05-15-09 - Trellis Quantization

There's a big gap in all technical literature. You can pretty easily find hand-wavey overviews of things for non-specialists in any field that make your feel all happy, but don't get into any details so they're useless if you actually need to do something in that field. Then there's also an abundance of technical papers that are steeped in the terminology and notation of that particular sub-field and are completely opaque. It's almost impossible to find transition material.

One case of this for me was so-called "Trellis Quantization". Part of the problem was that there's a whole body of old literature on "trellis coded quantization" which is an entirely different thing. TCQ is about designing non-linear or VQ quantizers for sources. Almost all of that research from the old days is totally worthless, because it assumed *NO ENTROPY CODING* on the post-quantization coefficients. Thus it was trying to make quantization buckets which had equal probability. Even at the time that research was happening it was already retarded, but it's especially retarded now. We know that in the presence of an entropy coder, independent variables are R-D optimal with a fix-step-size deadzone quantizer.

But in the real world our entropy coder is not independent. That is, we use things like run length codes, or adaptive arithmetic coders, or other schemes, such that the way we code one variable affects the code length for the next variable. This is where so-called "trellis quantization" in the modern sense comes in.

I really hate the modern use of the term "trellis quantization" because it's really not about the trellis or the quantization. A better term would be "dynamic programming code stream output optimization". If somebody had just told me that's what it was at the beginning it would have saved me weeks of confusion. It's basically the same thing you do in an LZ optimal parser (though not exactly).

This technique is used mainly in lossy image coders to optimize the coding of a certain bunch of pixels. It can be used for bitplane truncation in zerotree type coders, but it's mainly used for block-transforms, and mainly for video coders (it was made prominent in H263 and is used in H264).

Basically it goes like this : for a given block, you do normal quantization and you get a bunch of coefficients like {17,3,9,4,0,1,2,0}. You could just output that, and you would have a certain rate and distortion. But you could also change some of those coefficients. That would dicrease your rate and increase your distortion. (note that the increase in distortion may be very small in some cases - if the original values were very close to a quantization bucket edge, then you can shift them without much pain). You might be able to output a better Rate-Distortion optimal block by choosing some other output, such as {17,3,9,4,0,1,1,0} or {17,0,8,4,0,0,0,0} depending on where you are on the R-D curve.

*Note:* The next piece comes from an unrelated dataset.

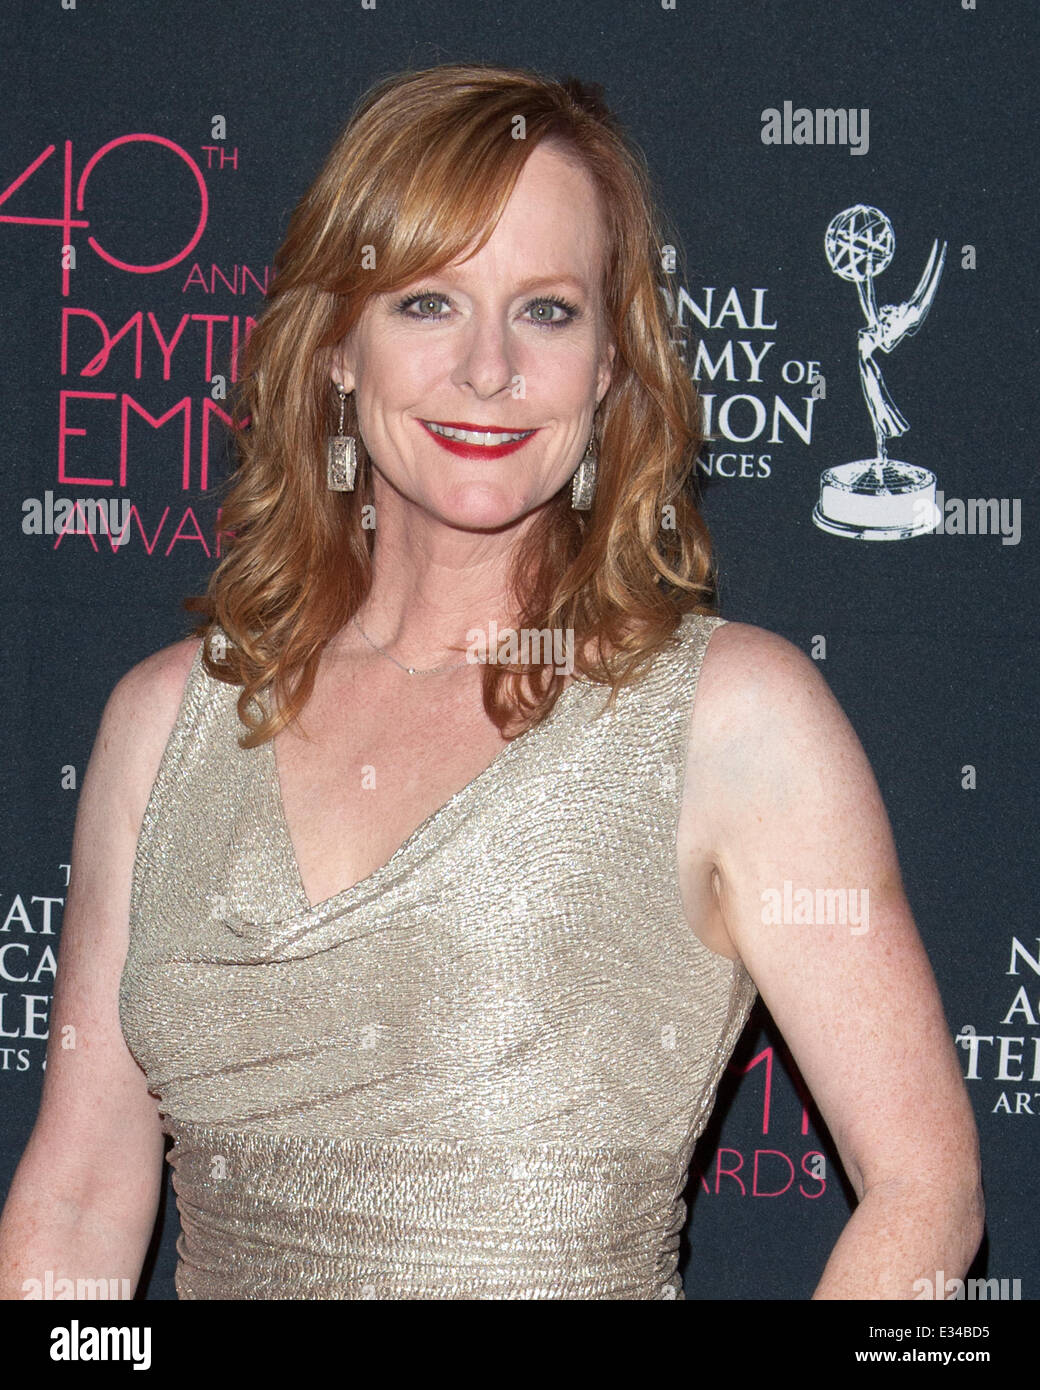 40th Annual Daytime Entertainment Creative Arts Emmy Awards at the Westin Bonaventure  Featuring: Mary McDonough Where: Los Angeles, California, United States When: 14 Jun 2013niel Tanner/WENN.com Stock Photo

The "trellis" comes in because you don't need to consider all possible outputs. It's easiest to think of like this :

Say you have 4 binary coding decisions. That is, you could make choices 0000 or 0001, etc. there are 16 possible choices. Naively, you would have to consider all 16 sequences and rate each one and pick the best. If you draw this as a graph, it looks like a tree - each node has two kids, it branches out and you have 16 leaves. But in many coding scenarios, your current coding cost does not depend on the entire history of your sequence - it only depends on the current state. For example, say you are doing order-1 context modeling and binary arithmetic encoding. Then there is a cost to encode a 0 after a 0, a 0 after a 1, a 1 after 0 and a 1 after a 1 (c00,c01,c10,c11). Each path in the graph is a coding action. The graph you need to consider is like this :

  [ 1 ]----[ 1 ]----[ 1 ]----[ 1 ]
 /     \  /     \  /     \  /     \ 
/       \/       \/       \/       \
\       /\       /\       /\       / 
 \     /  \     /  \     /  \     /  
  [ 0 ]----[ 0 ]----[ 0 ]----[ 0 ]

you start at the far left, as you go along each edge that's a coding output. Any given state, it doesn't matter how you got there, the transitions out of it have the same cost regardless of history. To fill out the graph you start on the far left with a cost of zero, you walk each link, and you fill in the node if the cost you are carrying is lower than what's already in there. Each node only needs to remember the cheapest way to get to that node.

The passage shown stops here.